Strategic Insight 007/2021
28 June 2021
The EU wants to become a heavyweight in international diplomacy. However, it has important reform to attend to in its CSDP network. Ireland must be forcefully involved in those reforms.
The European Union was set up not as some dry anodyne ‘project’ but as a movement of European peoples towards a better, fairer, more just continent for all its diverse regions, states and communities. Western and Northern Europe have developed and progressed after the ravages of the Second World War and the EU has now expanded to include states from across the former iron curtain. However, the regions around the EU have flared up and at times descended into long running conflicts from the Sahel to Libya, Syria, the western Balkans, Ukraine, Moldova and the Caucasus.
The EU’s actions in the foreign policy field have been open to criticism for many years and the Common Security and Defence Policy (CSDP) missions have been a key attempt by the EU to address these failures. Civilian CSDP missions have been mainly focused on efforts to support Security Sector Reform (SSR), ranging from the long running European Union Rule of Law Mission Kosovo (EULEX) (which had complete executive powers) to SSR, border assistance and monitoring missions. However, the lack of a staffing system that is fit for purpose, and retains staff, expertise and corporate knowledge severely damages confidence in the EU and the ability of its missions to succeed. If the EU wishes to progress from being a diplomatic lightweight to having real impact (as laid out in its Global Strategy ambitions) it must reform the CSDP staffing system. Even though creating a more conjoined ‘state like system’ would at this point be quite difficult, other changes must be implemented for the EU to achieve real credibility.

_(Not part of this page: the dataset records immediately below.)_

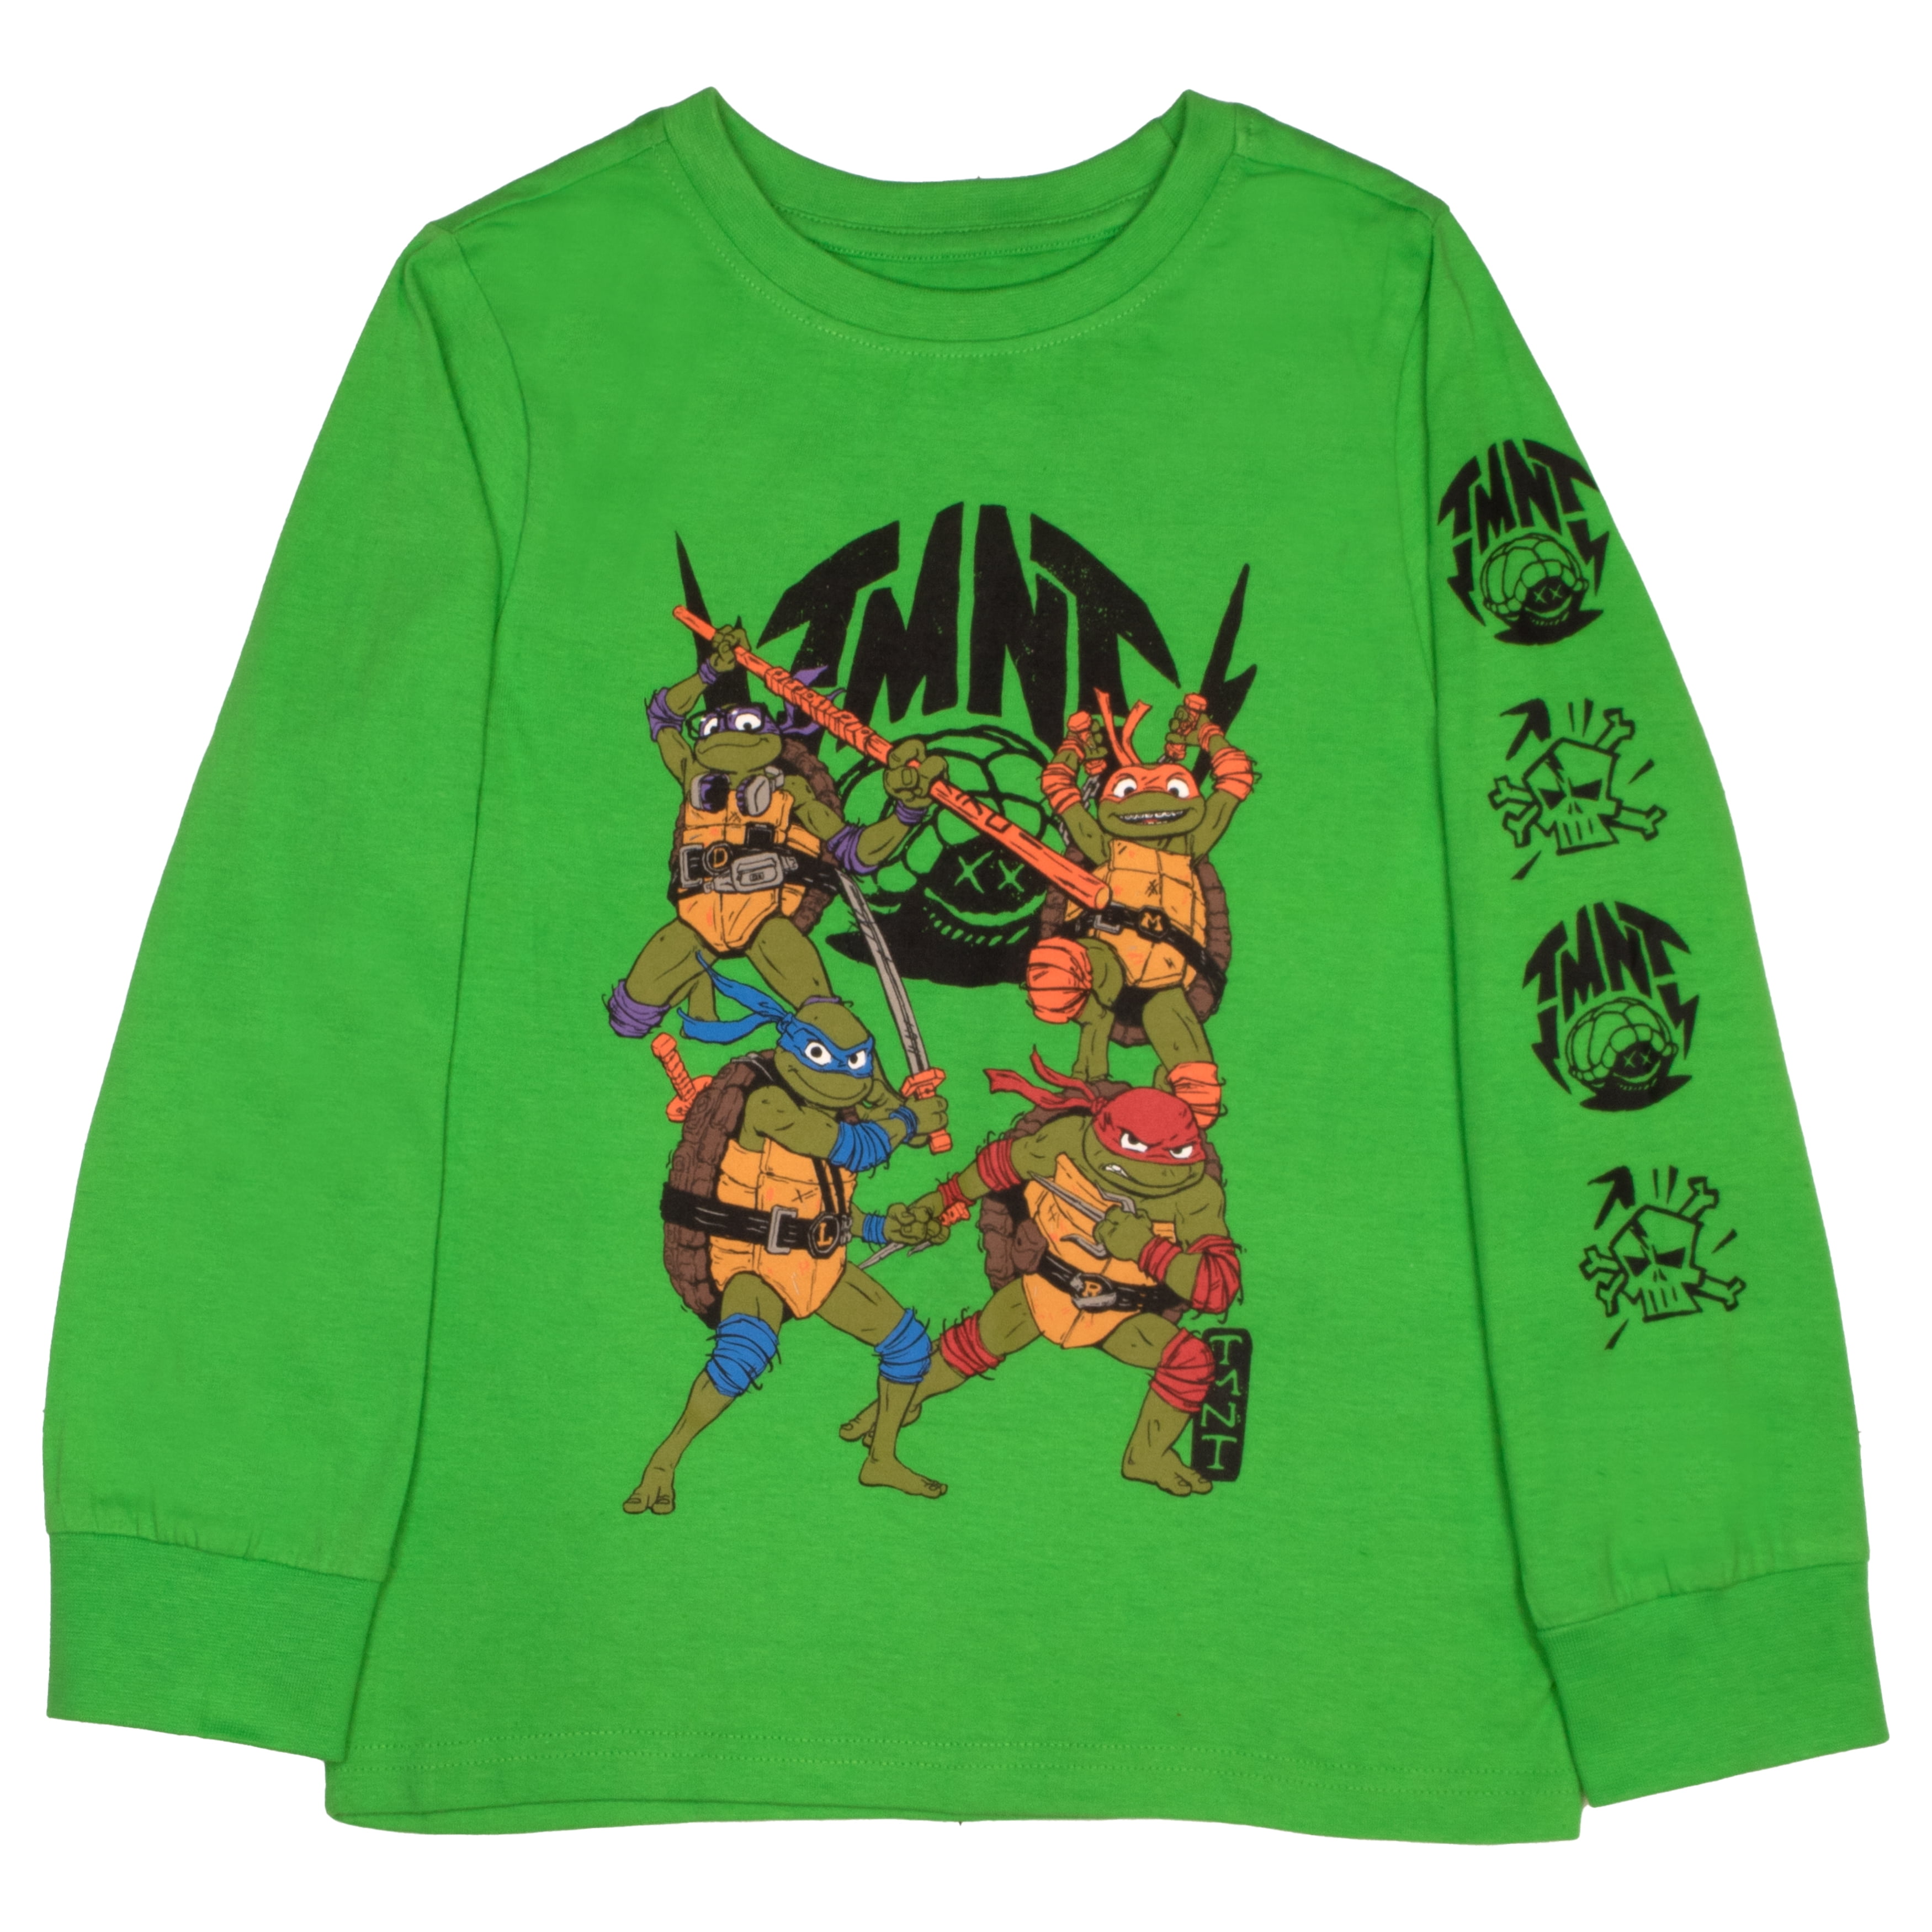 Teenage Mutant Ninja Turtles T-Shirt 2 Pack Kids Grey Black Top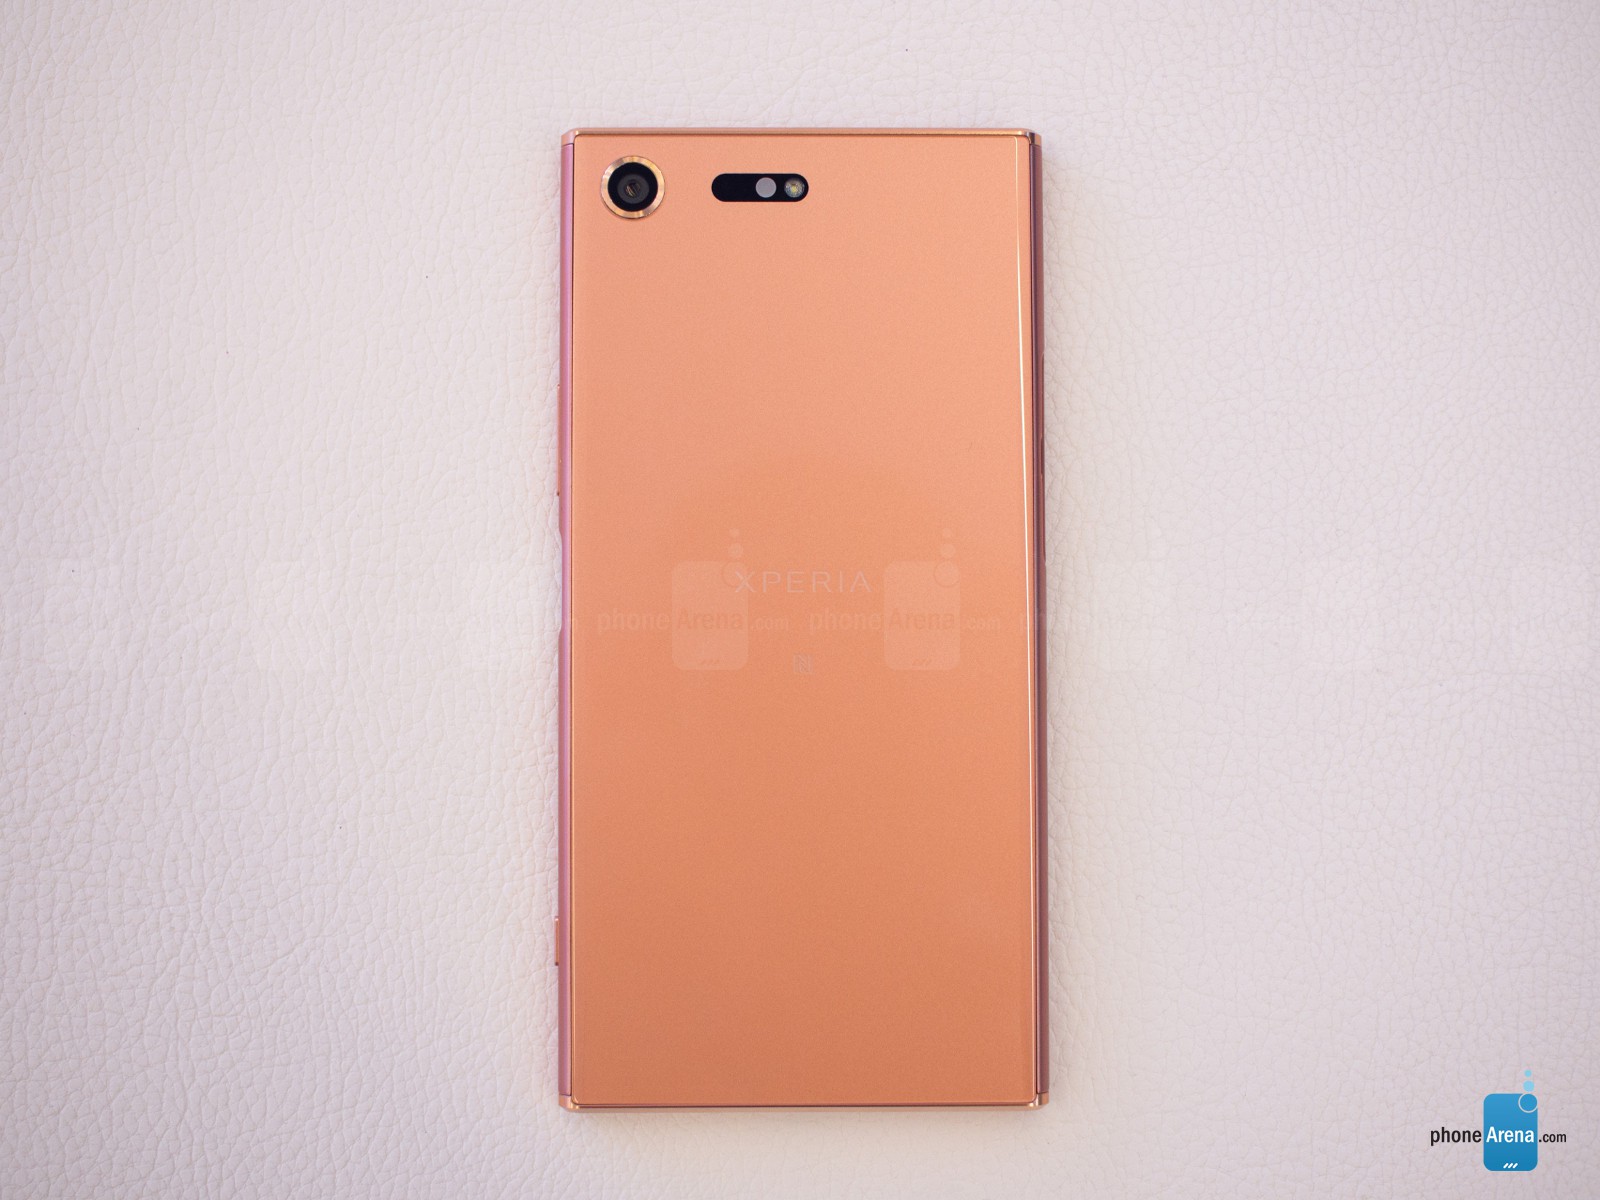 Trên tay siêu phẩm màn hình 4K - Xperia XZ Premium màu Bronze Pink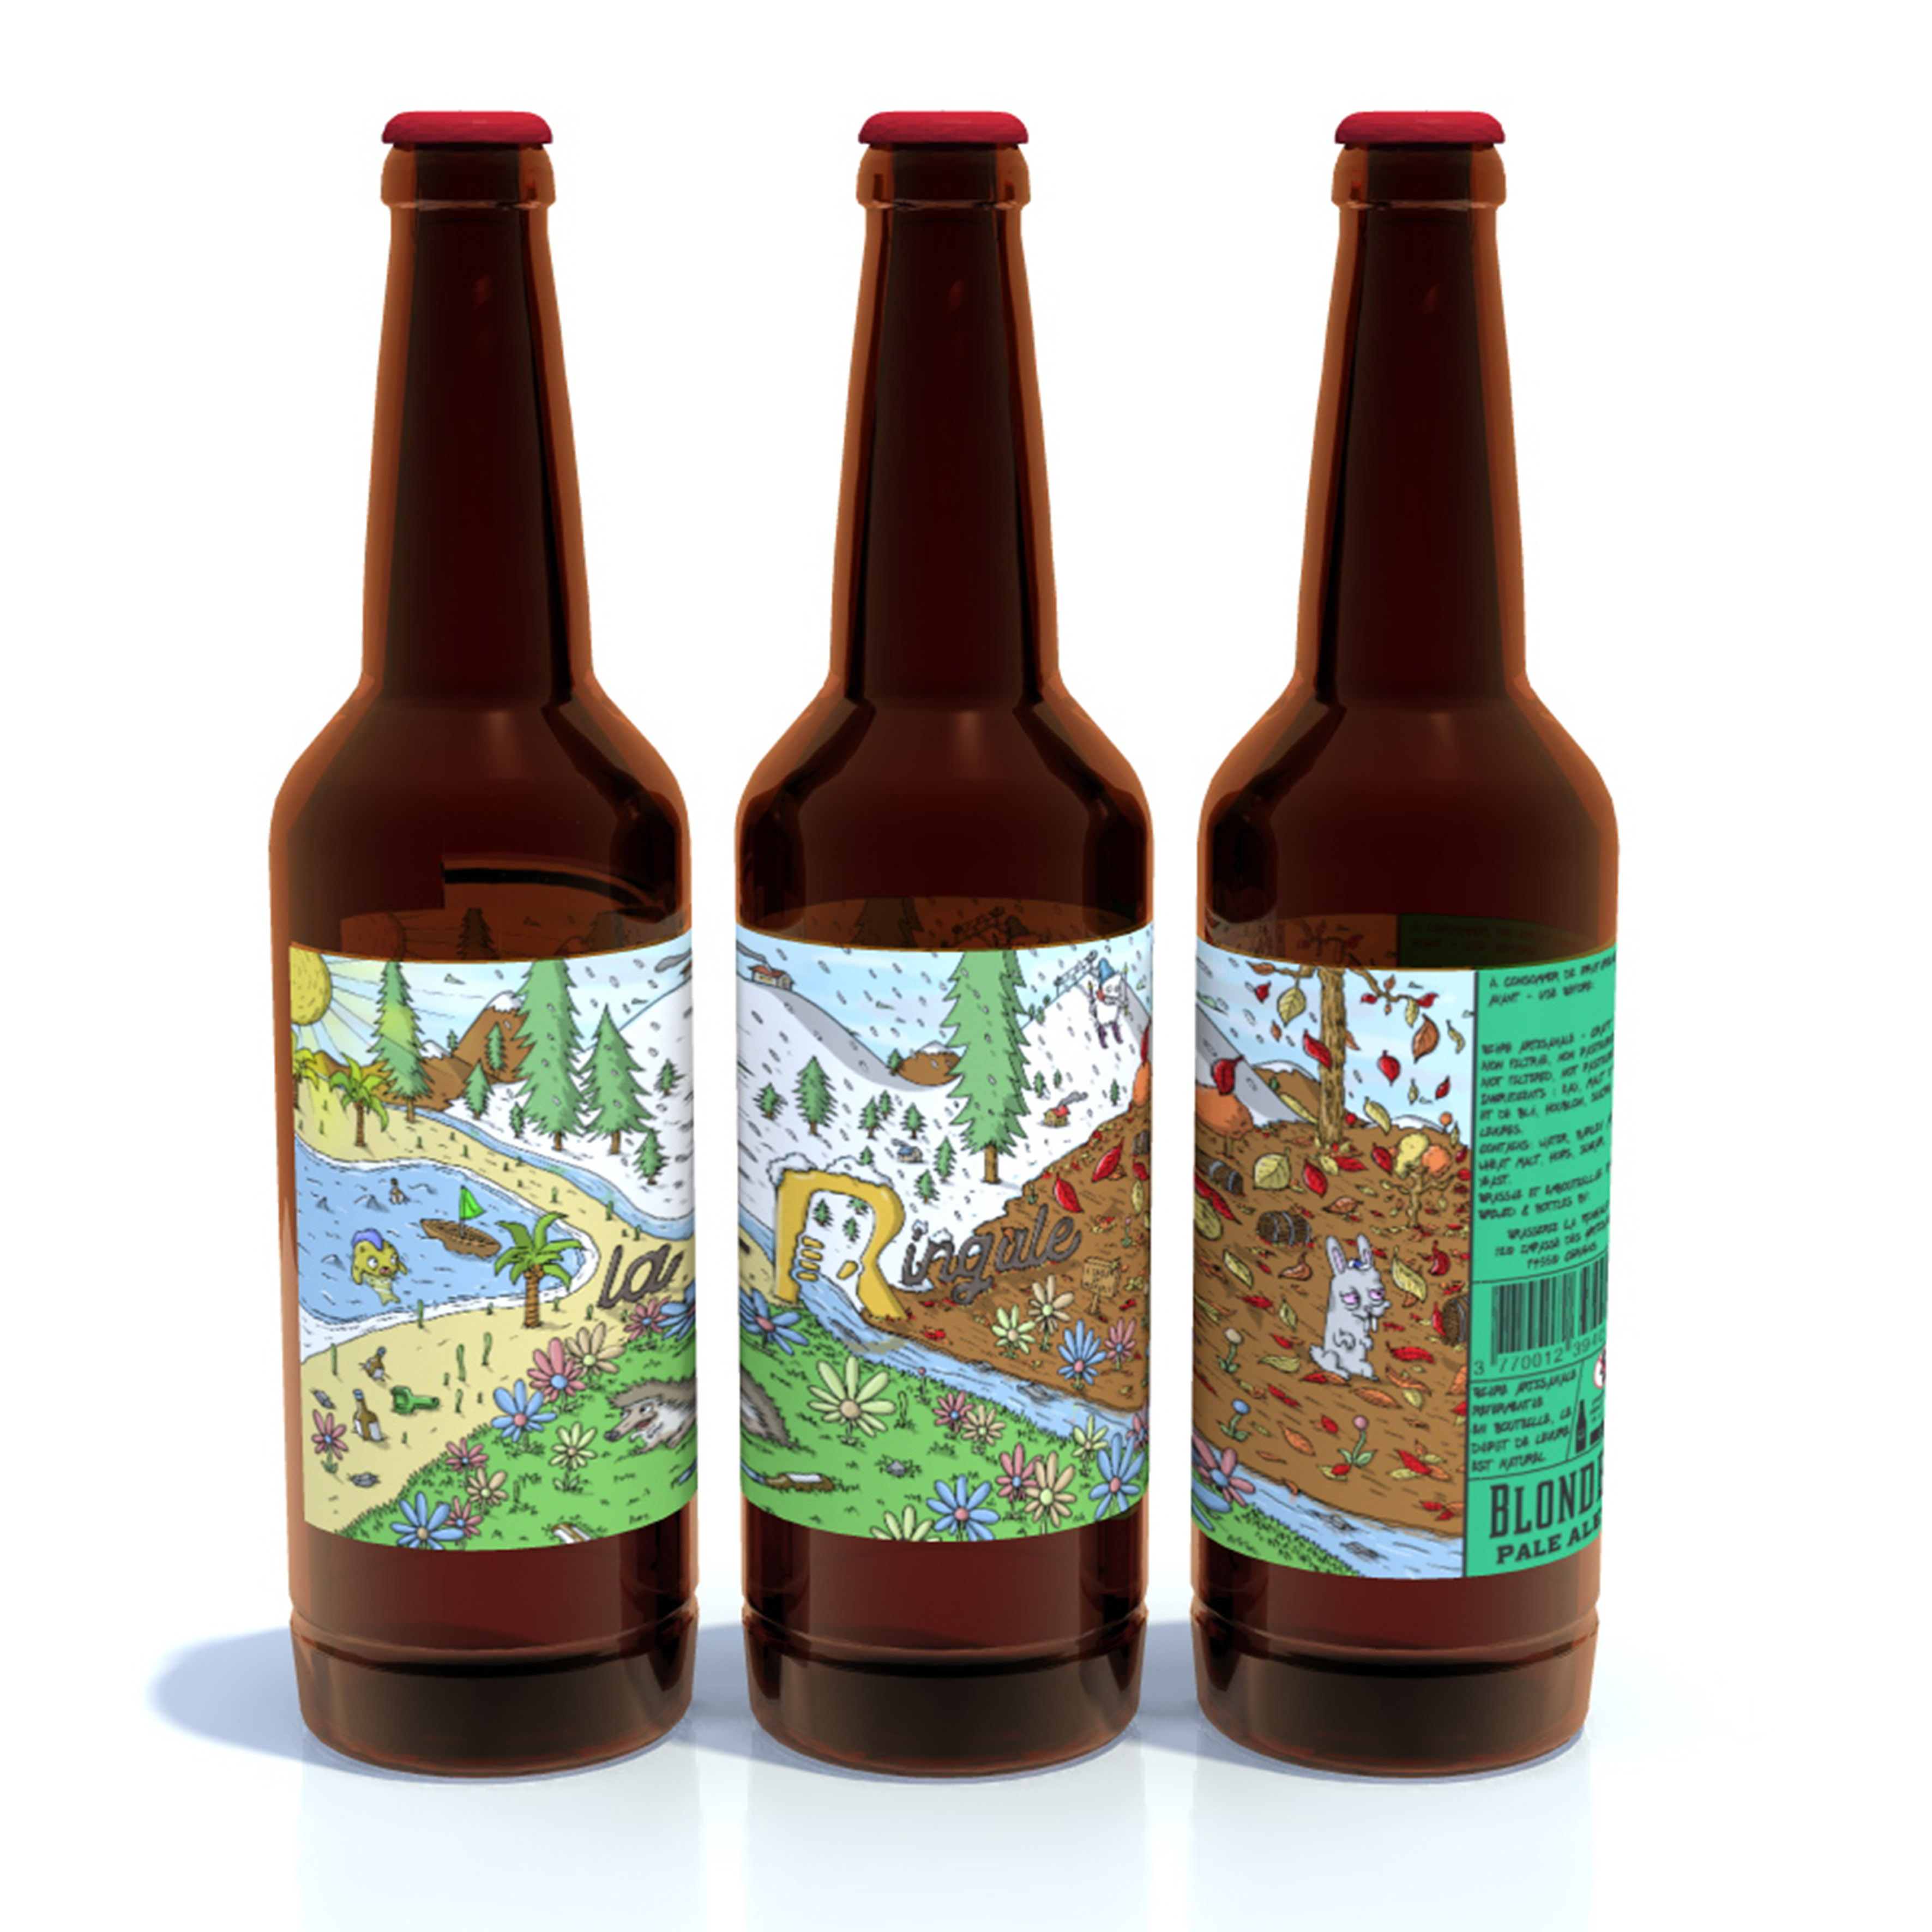 Conception des étiquettes des bouteilles de bière spéciales pour la Ringale-Bar brasserie à Cervens

Changes needed for EU CSDP missions
The EU should first move away from the almost complete reliance on secondees to staff these missions. Instead, contracted staff who are hired for longer contracts and report solely to a Head of Mission, rather than their national authorities, would make better sense.
EU Member States should only second staff members for a minimum of 2.5 years (even where moving to a fully contracted staffed system is unrealistic in the short term). Human relationships are key in the world of SSR where local actors are often suspicious of outside actors. These human relationships take time to build, sustain and evolve. The revolving door movement of CSDP mission staff members on an annual basis undermines the EU and indeed its Member States, leading to frustration on the part of local actors.
Building more effective iterations of EU foreign policy also demands more clarity at HQ level in Brussels. The lack of direction and constantly changing priorities from Brussels can damage morale both at HQ level and in the field. In addition, the lack of coordination and common thought between CSDP missions and the local EU delegations is costly both financially and in terms of credibility. Currently, there seems to be a lack of impetus for the utility and necessity of real cooperation between EU delegations and CSDP missions. Deep, hand in glove cooperation must become both normal and expected. The EU is one of the largest donors across the globe and it funds innumerable projects which are managed by EU staff in Brussels and in the various delegations. EU delegation staff are by their very nature diplomatic generalists. This means that they should have to seek the assistance, advice and expert counsel of expert CSDP mission staff . Formalised cooperation is needed urgently so that CSDP missions and relevant EU delegations must cooperate at all levels in all CSDP mission areas.
Ireland’s staff contribution to EU CDSP missions
Ireland has taken an active role in CSDP missions, seconding Irish personnel to all 11 missions as well as supporting those employed as contractors on these same missions. But, could Ireland do more in the area of SSR, and in particular in the criminal justice chain?
Ireland is now uniquely placed as the only fully Common Law jurisdiction and anglophone country in the EU after the departure of the United Kingdom (both Malta and Cyprus operate legal systems which retain elements of the Common Law system). This means that Ireland should now become the point country for crossover between the Common Law systems of the U.S., Canada, the UK and 21 countries in sub-Saharan Africa as well over 40 other countries around the world and the civil law system of most of the EU. The Common Law approach can be particularly helpful in relation to many of these SSR and criminal justice systems.
Furthermore, those staff seconded from An Garda Síochána and other state institutions acquire skills and contacts which could be better leveraged upon returning to Ireland. A structure should be put in place to harness these benefits in order to enhance skills in Ireland and contribute to Irish foreign policy and criminal justice reform.
Finally, Ireland has not traditionally engaged in the necessary negotiations and ‘horse trading’ in Brussels which is essential to advocate for Irish candidates to take senior positions in CSDP missions. Even though this has started to change, this development should become stated policy and Ireland should aim to have citizens in senior positions both in Brussels and on CSDP missions.
Aonghus Kelly is a lawyer and the Executive Director of Irish Rule of Law International (IRLI). He has worked for the EU CSDP missions in Kosovo and Libya.